Some similar commands that aren't quite right

  1. Kill the session and close the terminal:

    bind X confirm-before -p "Kill #S (y/n)?" kill-session
    
  2. Prompt the user for the name of the session to kill and select next session after kill:

    bind X command-prompt -p "kill:"  "switch-client -n \; kill-session -t '%%'"
    
  3. I haven't been able to find examples of similar commands. Here's a solution something that doesn't work:

    bind X confirm-before -p "Kill #S (y/n)?" "SESSION='#S' \; \
    switch-client -n \; kill-session -t \"$SESSION\""
    

Best Answer

I think this is close to what you want:

bind-key X confirm-before -p "Kill #S (y/n)?" "run-shell 'tmux switch-client -n \\\; kill-session -t \"#S\"'"

Your #3 approach is along the right lines, but the problem is that confirm-before does not do status-left-style substitutions (e.g. #S) in its command string.

A caveat for the above binding is that since everything is done in from run-shell, the commands are run outside the context of any particular client or session.
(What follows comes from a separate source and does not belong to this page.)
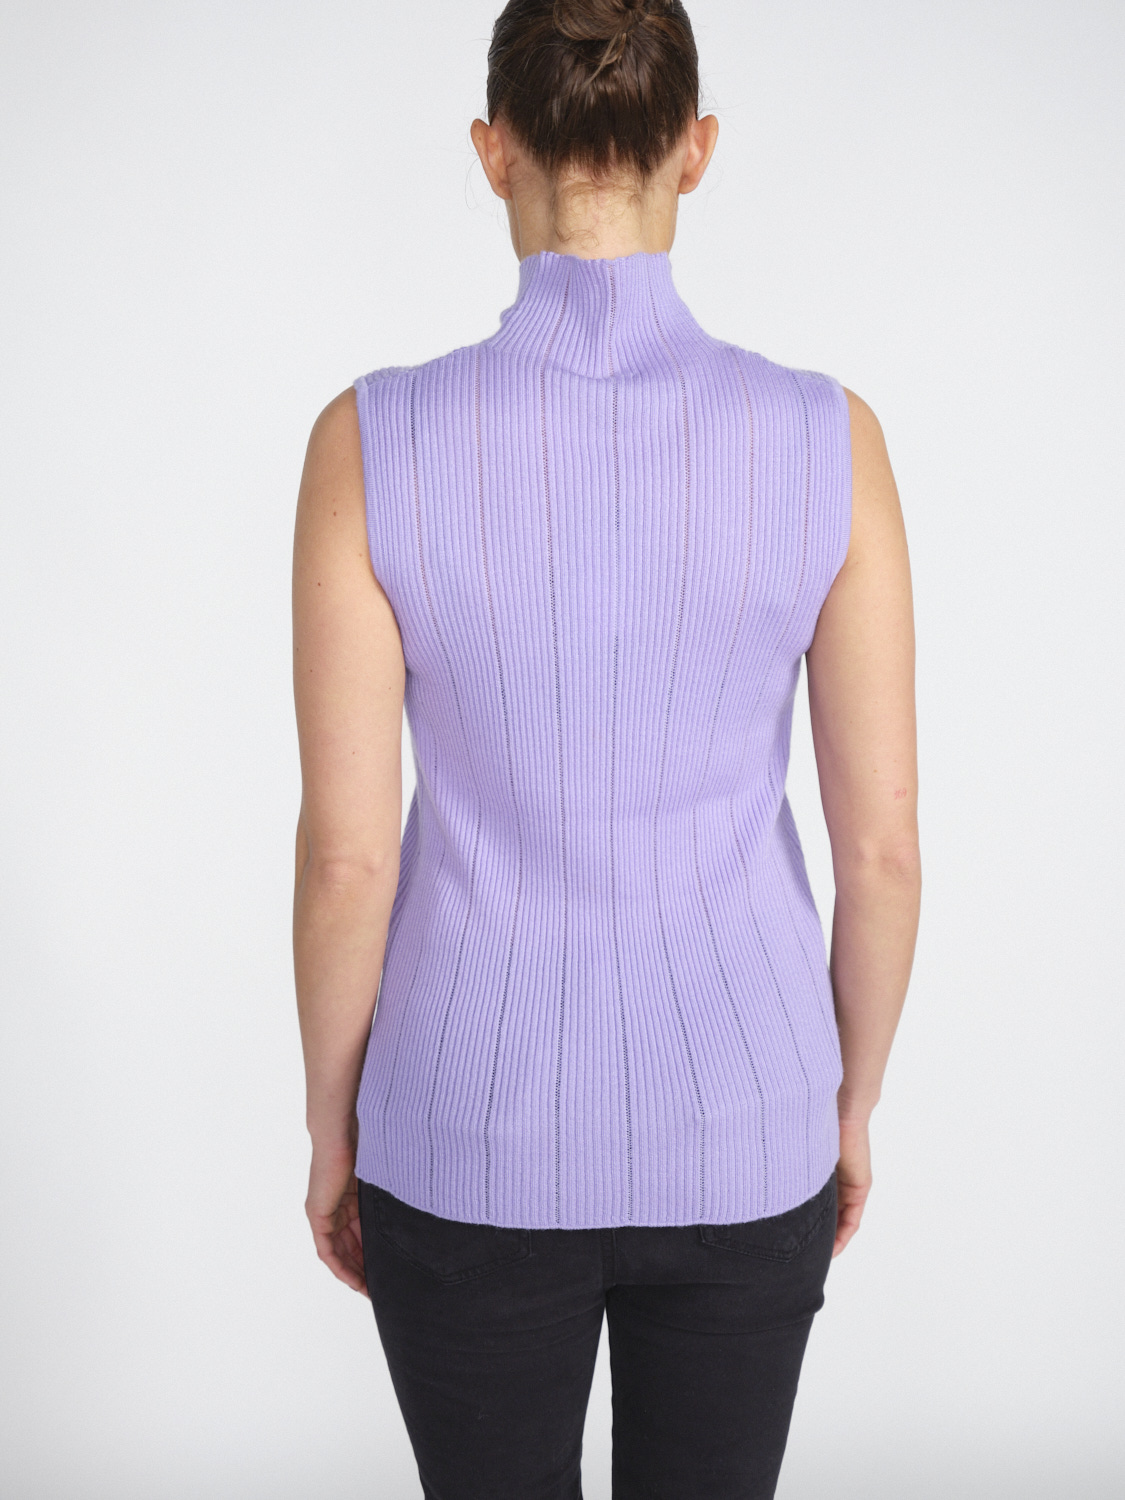 Iris von Arnim Loulou - Knitted top in cashmere-silk blend  lila M

It really only works because the “default” client (for switch-client) and “default” session (for #S) are the most recently active ones. This works out as you would expect as long as you only have a single active client (e.g. a single user that does not type into another tmux client until after the shell commands have finished running); it could fail dramatically if (e.g.) you trigger the binding in tmux client A, but new input is received by tmux client B before the shell started by run-shell has had a chance to run its commands.

This particular race condition seems like a nice motivation for providing client/session/window/pane information to run-shell commands. There is a TODO entry about getting if-shell and run-shell to support (optional?) status_replace() (i.e. status-left-style substitutions), though maybe a better choice would be format_expand(), which is kind of a newer super-set of status_replace (offers #{client_tty}, etc.).